TRANSCRIPT
For millions of Australians, their wage isn't changed by their boss, it's decided by the Fair Work Commission.
The annual wage review changes award wages, which govern the minimum payable wage for each job and industry.
From July 1st, award wages and minimum wage will increase by 3.75 per cent.
Workplace Relations Minister Tony Burke says it's a win for workers.
"What this means is 2.6 million Australians who are reliant on the award system, get to see their pay go up, it means the minimum wage continues on the trajectory that's happened since we came to office."
Fair Work Commissioner Justice Adam Hatcher says the cost of living crisis was one of the commission's key considerations.
"In determining this level of increase, a primary consideration has been the cost of living pressures that modern award reliant employees, particularly those who are low paid and live in low income households, continue to experience. This is not withstanding that inflation is considerably lower than it was at the time of last year's review."
One in five Australian workers are on an award wage.
Commissioner Hatcher says the 3.75 per cent increase aligns with other wages, and he doesn't expect it will fuel inflation.
"The increase of 3.75%, which we have determined, is broadly in line with forecasts wages growth across the economy in 2024. And will only make a modest contribution to the total amount of wages growth this year. We consider therefore, that this increase is consistent with the forecast return of inflation rate to below 3% in 2025."
As part of the wage review process, the Fair Work Commission took submissions from a range of governments and other stakeholders.
The Federal Government pushed for an increase in line with inflation, whilst the Australian Council of Trade Unions sought a 5 per cent increase.
The Australian Chamber of Commerce and Industry wanted a modest 2 per cent rise - ACCI CEO Andrew McKellar says the higher increase will test businesses.
"This tests the limits of what's acceptable from a business point of view. It will do little to take further inflationary pressure out of the economy, and that was our objective.

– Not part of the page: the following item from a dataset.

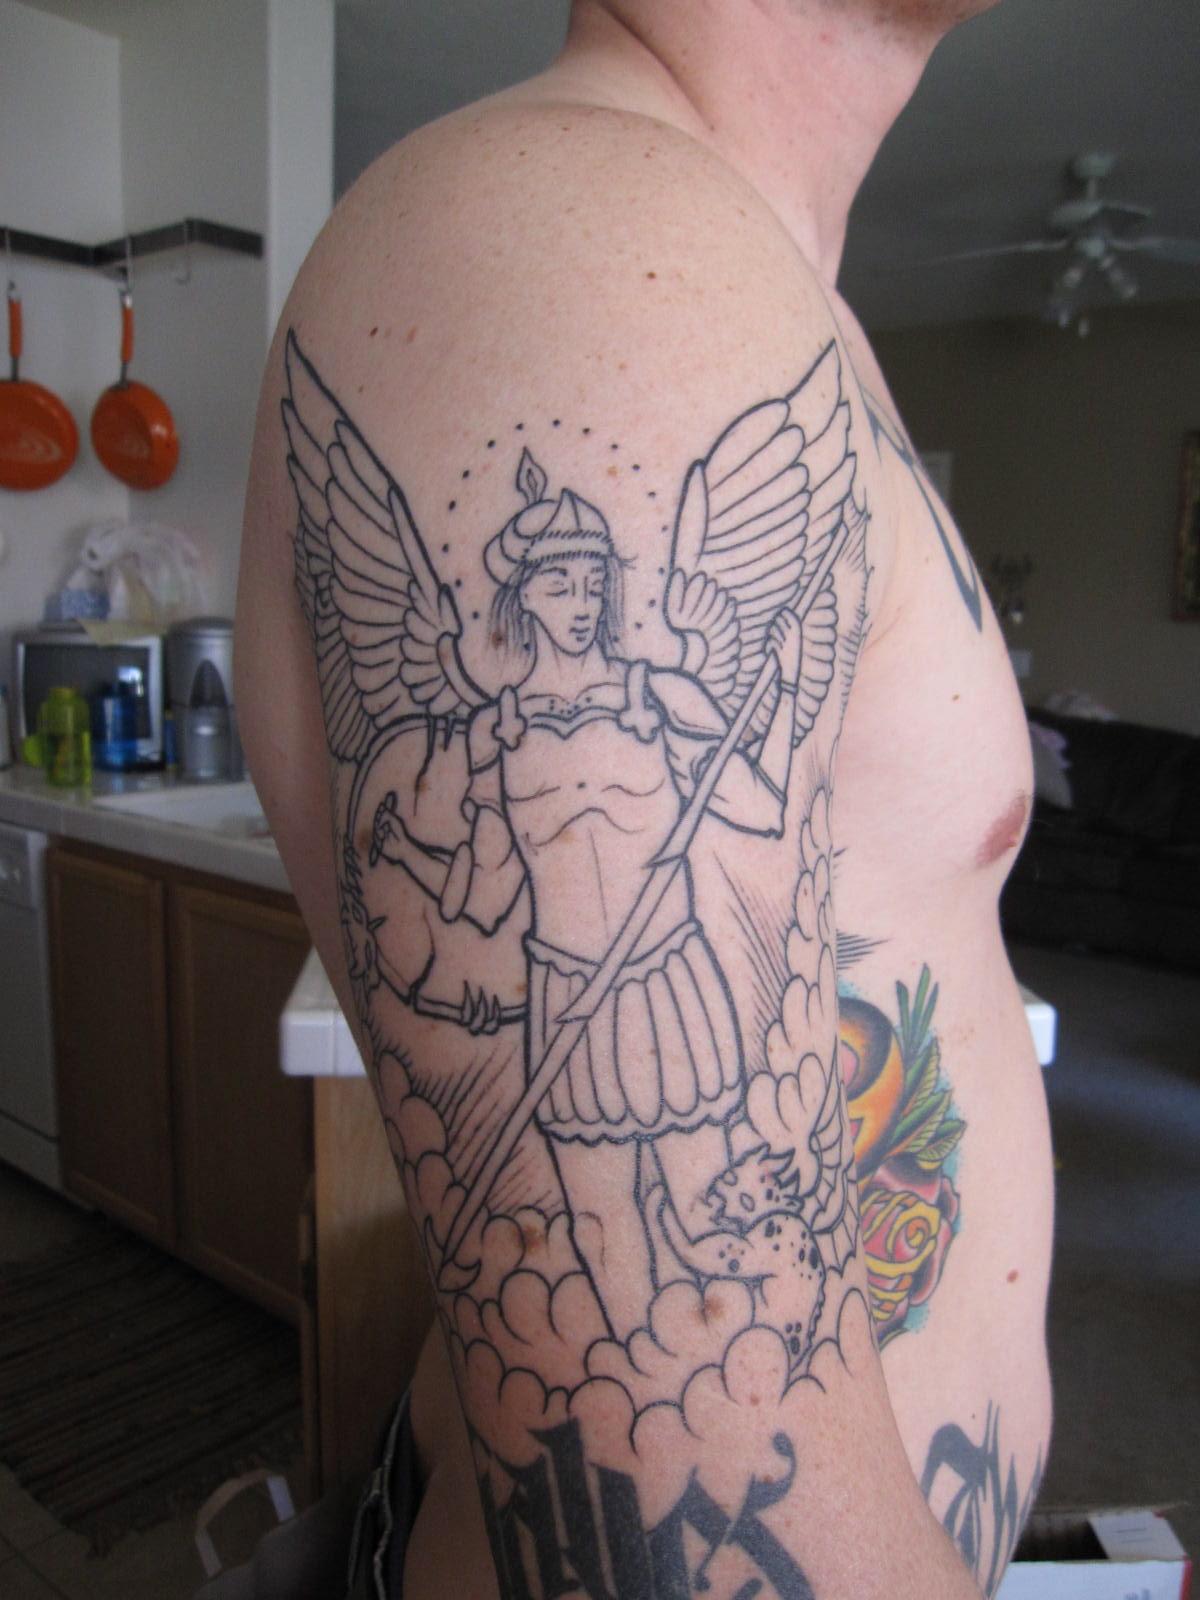 Best Tattoos Ever Seen Eminem Chest Tattoo

We think that the most effective way to take pressure off the cost of living, is get inflation down and get it back into that 2-3% target range that the Reserve Bank is pursuing, that will enable interest rates to come down quicker, that's the most effective way to take pressure off the cost of living in the cost of doing business from here."

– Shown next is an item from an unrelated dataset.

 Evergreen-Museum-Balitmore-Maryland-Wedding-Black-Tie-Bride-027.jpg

Fair Work Commissioner Hatcher says stage three tax cuts were considered by the commission.
"We have also taken into account that modern award reliant employees will shortly receive the benefit of the stage three tax cuts and the budget cost of living measures, which are projected to increase real household disposable incomes over the next twelve months."

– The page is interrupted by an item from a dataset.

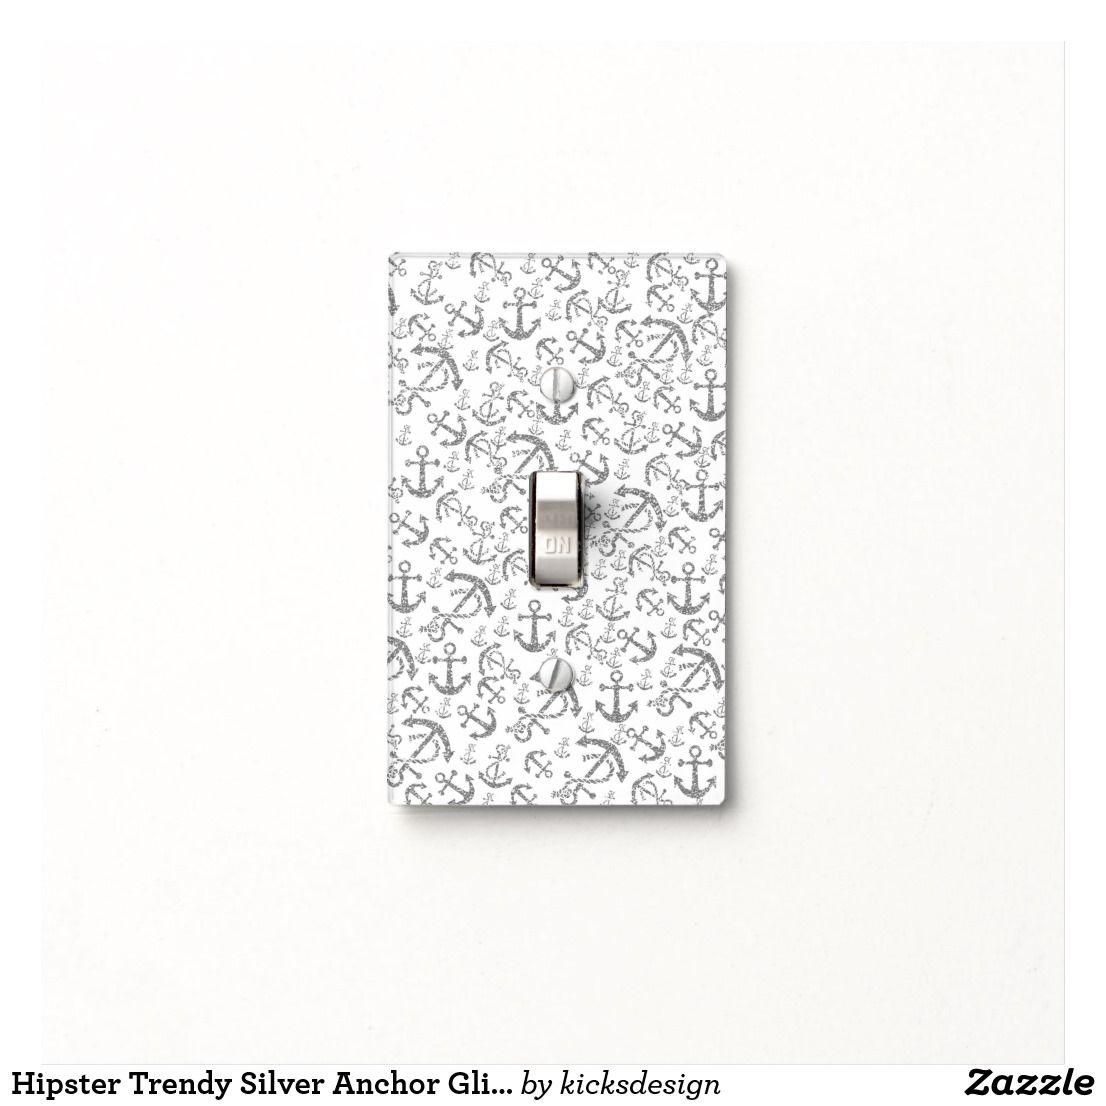 Hipster Trendy Silver Anchor Glitter Photo Print Light

Minister Burke says he expected the commission would consider the tax cuts.
"The Fair Work Commission will always look at all the impacts across the economy, you can't expect them to do anything else. But some of the business groups, and some of the commentators, said those tax cuts should be in place of a wage increase, some argued that those tax cuts should be an excuse for wages to fall. And the commission didn't accept that argument. What the commission has decided, is you get a wage increase, and you get the tax cuts, and you get the cost of living relief. That's exactly what the government hoped for."
This year's decision is less substantial than last year - with a 5.75 per cent increase for award rates and 8.6 per cent for the national minimum wage in 2023.
ACTU Secretary Sally McManus says she's satisfied with the result.
"The ACTU, the union movement, would have liked to have seen a bigger increase. Having said that, any day that working people get a pay increase, any day working people go forward in terms of a real pay increase, is a good day."